Nonetheless, in its reply, Halliburton counters that although it "has admitted in its discovery responses that the two frac jobs at issue meet the claims of the patent-in-suit, [it] still needs to understand RTZ's infringement analysis." Reply at 6. Additionally, Halliburton contends Interrogatories Nos. 8 and 9 are "typical contention interrogatories contemplated by the Federal Rules." Id. at 1. Therefore, Halliburton contends the Court "should require RTZ to fully answer Halliburton's interrogatories, based on its present knowledge, so that Halliburton may better rebut RTZ's infringement theories." Id. at 2. Moreover, Halliburton does not dispute Realtimezone's assertion that its inquiries relate to "substantive" issues of patent litigation not notice of Realtimezone's infringement theories. Id. at 6, n. 4 ("RTZ argues that Halliburton's inquiries relate to "substantive issues of patent litigation, not notice of RTZ's infringement theories. RTZ is correct — Halliburton seeks more than notice of RTZ's claims.").

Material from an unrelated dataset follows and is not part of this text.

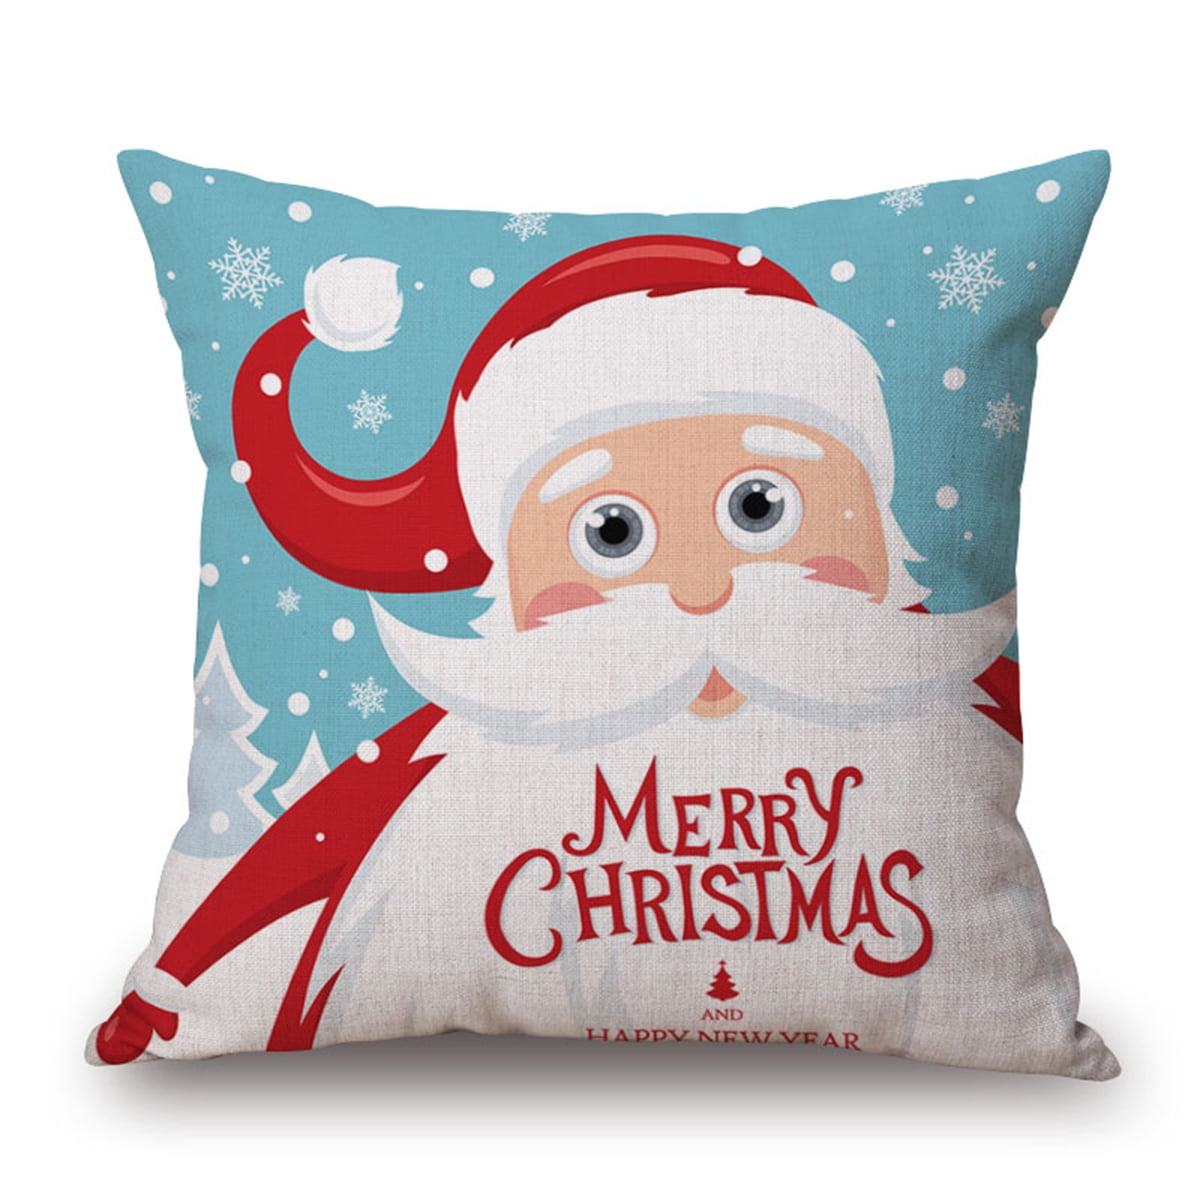 Christmas  Pillow Case Xmas Linen Cushion Cover Throw Home Decor Festive Gift

"Proper infringement contentions provide a defendant with notice of a plaintiff's infringement theories." Eon Corp. IP Holdings LLC v. Sensus USA Inc., 2010 WL 346218 *2 (E.D. Tex. Jan. 21, 2010). However, "[i]nfringement contentions are not intended to require a party to set forth a prima facie case of infringement and evidence in support thereof." Realtime Data, LLC v. Packeteer, Inc., 2010 WL 346218, *5 (E.D. Tex. Aug. 18, 2009); see also Samsung SDI Co. v. Matsushita Elec. Indus. Co., 2006 WL 5097360 (C.D. Cal. June 5, 2006). Furthermore, the Court has "considerable discretion in determining when contention interrogatories must be answered, and there is considerable support for deferring answers to contention interrogatories until after a substantial amount of discovery has been completed." Lucero v. Valdez, 240 F.R.D. 591, 594 (D.N.M. 2007). Discovery in this case is not complete. Therefore, even if Interrogatories Nos. 8 and 9 are governed by Rule 33 of the Federal Rules of Civil Procedure, it would be premature to direct Realtimezone to answer Interrogatories Nos. 8 and 9 at this time. All Realtimezone is required to do in its infringement contentions is provide Halliburton with notice of its infringement theories.
As to the deficiencies in its Infringement Claim Chart information relating to Claims 18, 13 and 15, Realtimezone contends it does not have any evidence to support an infringement allegation of these claims. However, Realtimezone points out that the parties are only mid-way through discovery, and it should not be prohibited from identifying or alleging other Halliburton infringing activities based upon additional discovery requests which are still outstanding. Moreover, Realtimezone contends that upon completion of discovery it will supplement its Infringement Claim Chart to include any new information pertinent to the infringement analysis. The Court will grant Realtimezone the opportunity to supplement its Infringement Claim Chart.
Based on the foregoing, the Court finds that Realtimezone's infringement contentions are specific enough to provide Halliburton with notice of Realtimezone's infringement theories. Accordingly, Halliburton's motion to compel is denied.
NOW, THEREFORE,
IT IS HEREBY ORDERED that Defendant Hallilburton Energy Services, Inc.'s Motion to Compel Plaintiff Realtimezone, Inc. to Supplement Interrogatory Nos. 8 and 9 [Doc. No. 79] is denied.